Of 2389 stroke patients, after exclusions (n=593), aphasias numbered 625 (625 of 1796; 34.8%), and the subtype frequencies included Broca aphasia (n=170; 27.2%), anomic aphasia (n=165; 26.4%), global aphasia (n=119; 19.04%), and subcortical aphasia (n=57; 9.12%). Less frequent subtypes (total n=40; 6.7%) included transcortical aphasia (n=11), Wernicke aphasia (n=10), conduction aphasia (n=7), aphemia (n=3), semantic aphasia (n=3), crossed aphasia (n=3), pure word deafness (n=2), and foreign accent syndrome (n=1). Aphasia subtypes and etiologies had some significant associations (chi-square: 855.8, P value<.0001). Bonferroni-adjusted P values revealed that anomic aphasia had a significant association with small-vessel disease (SVD) (odds ratio [OR]=2.0254, 95% confidence interval [CI]: 1.3820-2.9681), and global aphasia patients mostly had cardioembolic (CE) causes (OR=2.3589, 95% CI: 1.5506-3.5885) and less likely SVD (OR=.2583, 95% CI: .1444-.4654). Other notable inferences were included. Wernicke aphasia was caused by either CE (6 of 12; 50%) or hemorrhage (4 of 12; 33.3%) in a combined 83% of cases. Subcortical aphasia was because of SVD in 36% (31 of 85) or because of hemorrhage in 32% (27 of 85) yielding a combined 68% of cases. Sixty percent of transcortical aphasias as a group were because of either large-vessel disease (7 of 20; 35%) or hemorrhage (5 of 20; 25%). Alternatively, a diagnosis of Broca aphasia could be because of any of the etiological categories.
(1) Aphasias are a heterogeneous entity in subtype and etiology; (2) Broca, global, anomic, and subcortical aphasias accounted for the vast majority of aphasia subtypes; (3) SVD, cardioembolism, and hemorrhage are significantly associated with certain signature aphasic syndromes; and (4) determination of aphasia subtype can assist with etiology, prognosis, influence aphasia therapy, and provide the basis for future randomized controlled trials with pharmacological therapy or behavioral therapy.
失语症是最常见的中风综合征之一,但人们对不同亚型的范围及其中风机制知之甚少。然而,亚型和病因已知会影响预后和恢复。

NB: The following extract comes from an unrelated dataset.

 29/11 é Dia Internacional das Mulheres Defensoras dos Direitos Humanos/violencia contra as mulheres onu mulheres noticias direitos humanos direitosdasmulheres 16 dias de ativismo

我们的目的是分析大型亚急性中风患者中的失语症亚型和病因。
连续入组来自专门的认知性中风登记处的患者。在中风发病的第一个月内进行了经过验证的认知筛查检查,这使得能够诊断出 14 种不同的失语症亚型。在急性和亚急性期间,从一种亚型演变为另一种亚型,有时会诊断出超过 1 种亚型。中风的病因是通过改良的 Org 10172 在急性中风治疗标准来确定的,该标准包括脑出血。排除标准包括痴呆、慢性内科疾病、药物滥用和严重抑郁。

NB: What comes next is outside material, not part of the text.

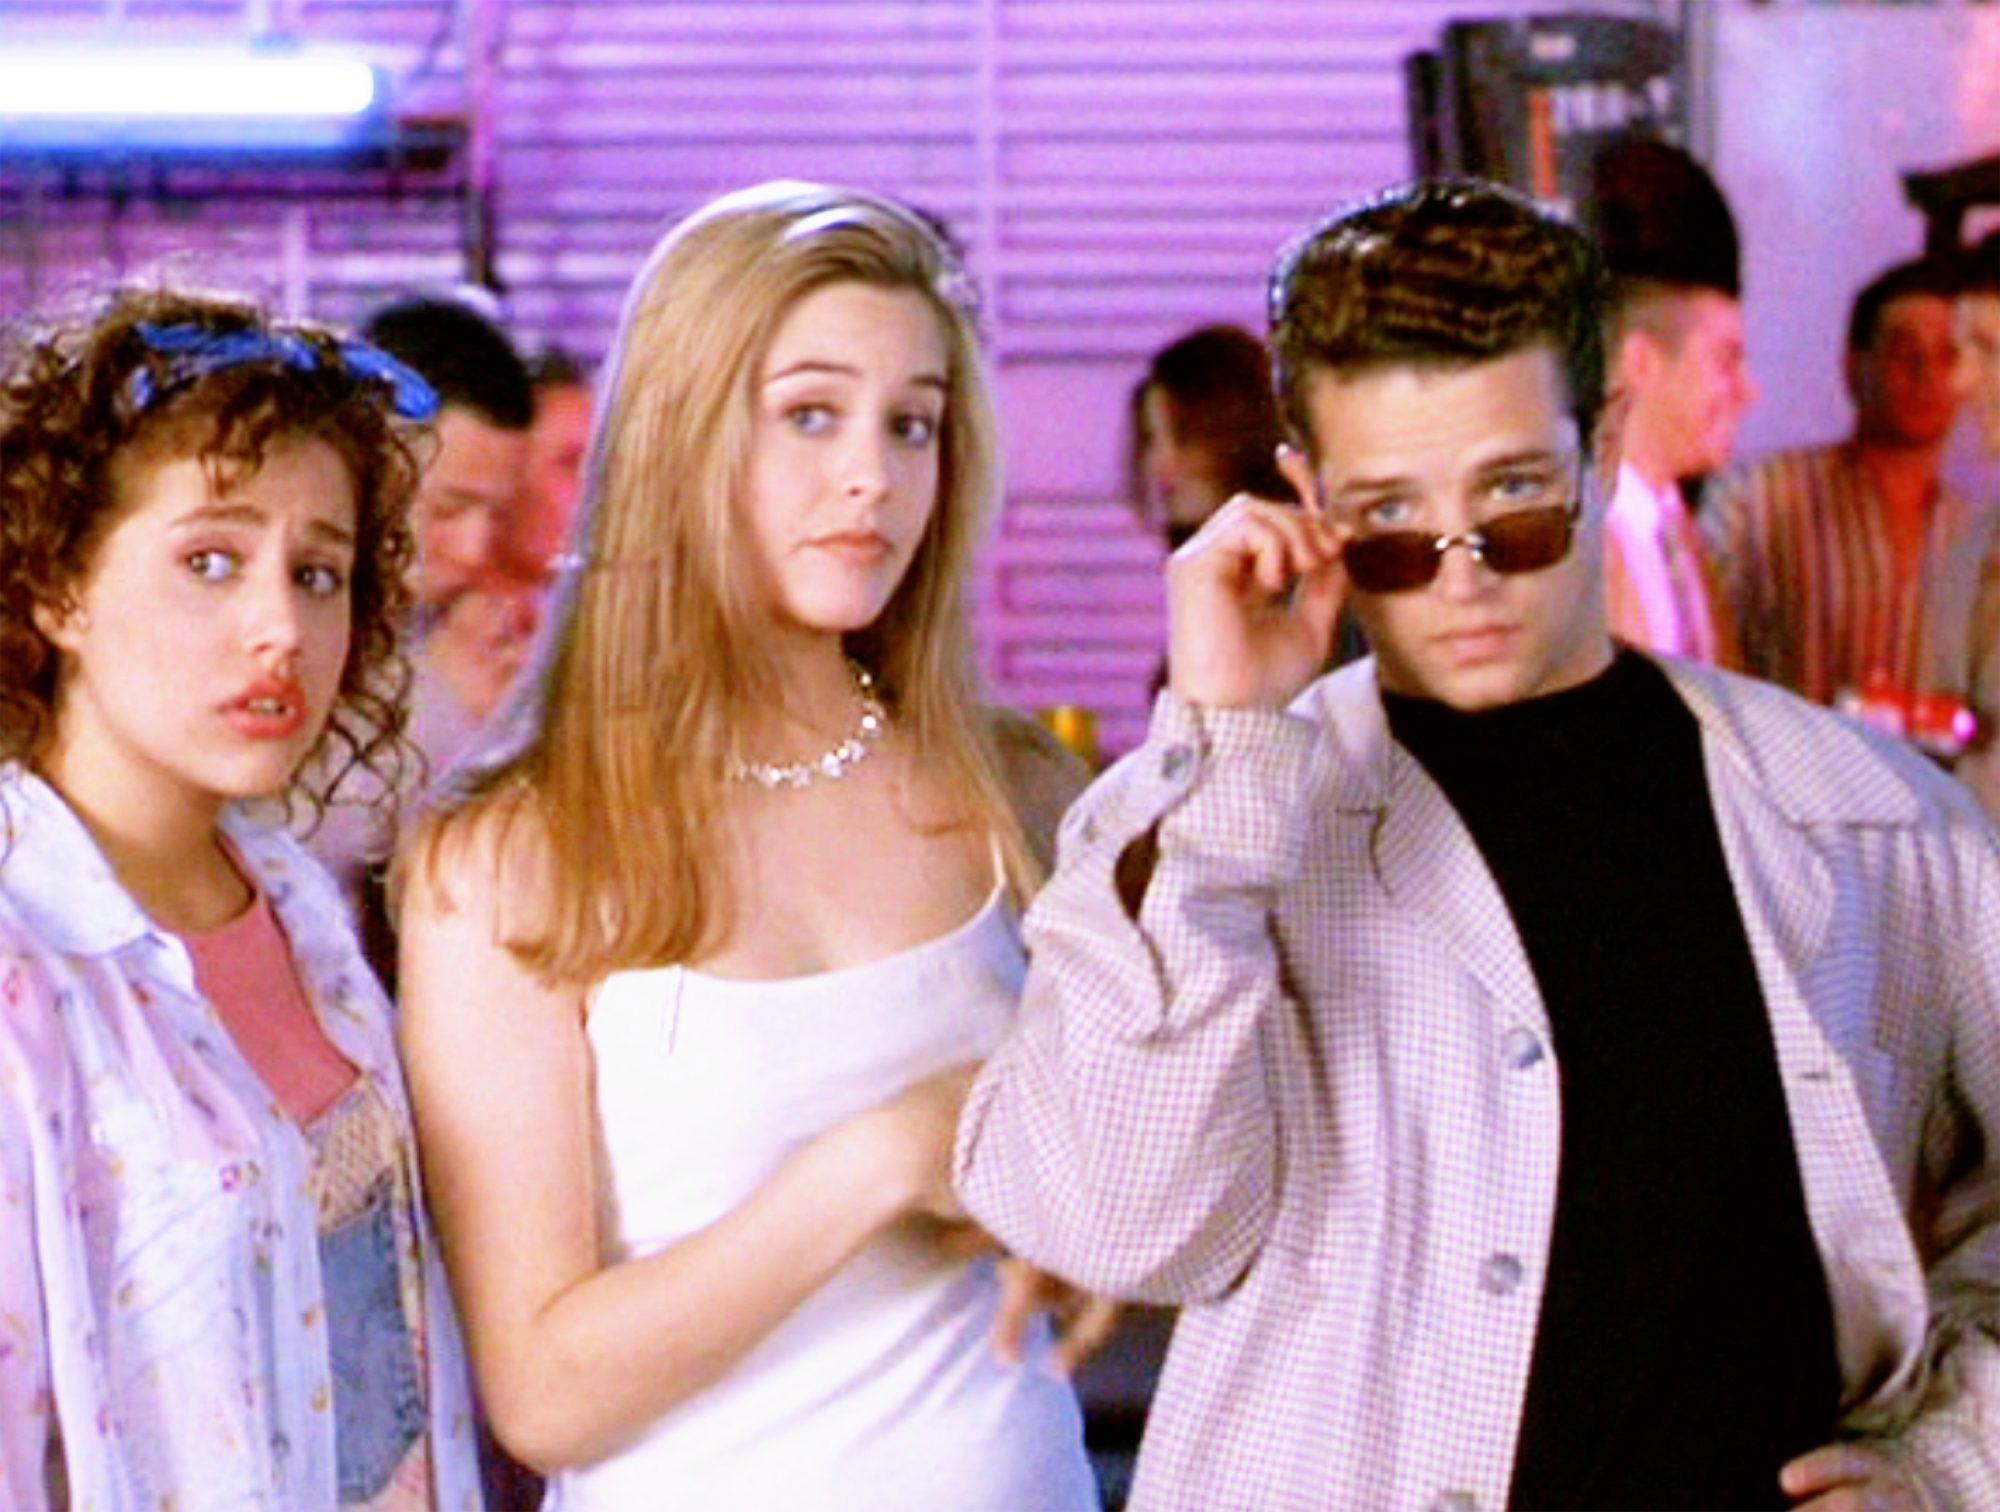 90s movies trope nostalgia

在 2389 例中风患者中,排除(n=593)后,失语症患者为 625 例(625 例中有 1796 例;34.8%),亚类频率包括布罗卡失语症(n=170;27.2%)、命名性失语症(n=165;26.4%)、完全性失语症(n=119;19.04%)和皮质下失语症(n=57;9.12%)。较少见的亚型(总 n=40;6.7%)包括皮质间性失语症(n=11)、威尼克失语症(n=10)、传导性失语症(n=7)、失语症(n=3)、语义性失语症(n=3)、交叉性失语症(n=3)、单纯性词聋(n=2)和外国口音综合征(n=1)。失语症亚型和病因存在一些显著的关联(卡方:855.8,P 值<.0001)。Bonferroni 调整后的 P 值显示,命名性失语症与小血管疾病(SVD)显著相关(比值比[OR]=2.0254,95%置信区间[CI]:1.3820-2.9681),而完全性失语症患者主要与心源性栓塞(CE)病因相关(OR=2.3589,95%CI:1.5506-3.5885),且较少发生 SVD(OR=.2583,95%CI:.1444-.4654)。还有其他值得注意的推论。威尼克失语症由心源性栓塞(12 例中的 6 例;50%)或脑出血(12 例中的 4 例;33.3%)引起,合并占 83%。皮质下失语症因 SVD 占 36%(85 例中的 31 例)或因脑出血占 32%(85 例中的 27 例),合并占 68%。作为一个整体,皮质间性失语症的 60%是由于大血管疾病(20 例中的 7 例;35%)或脑出血(20 例中的 5 例;25%)引起的。相反,布罗卡失语症的诊断可以归因于任何病因类别。
(1)失语症在亚型和病因方面是一种异质实体;(2)布罗卡、完全性、命名性和皮质下失语症占失语症亚型的绝大多数;(3)SVD、心源性栓塞和脑出血与某些特定的失语症综合征显著相关;(4)确定失语症亚型可以帮助确定病因、预后、影响失语症治疗,并为未来的药理学或行为疗法的随机对照试验提供基础。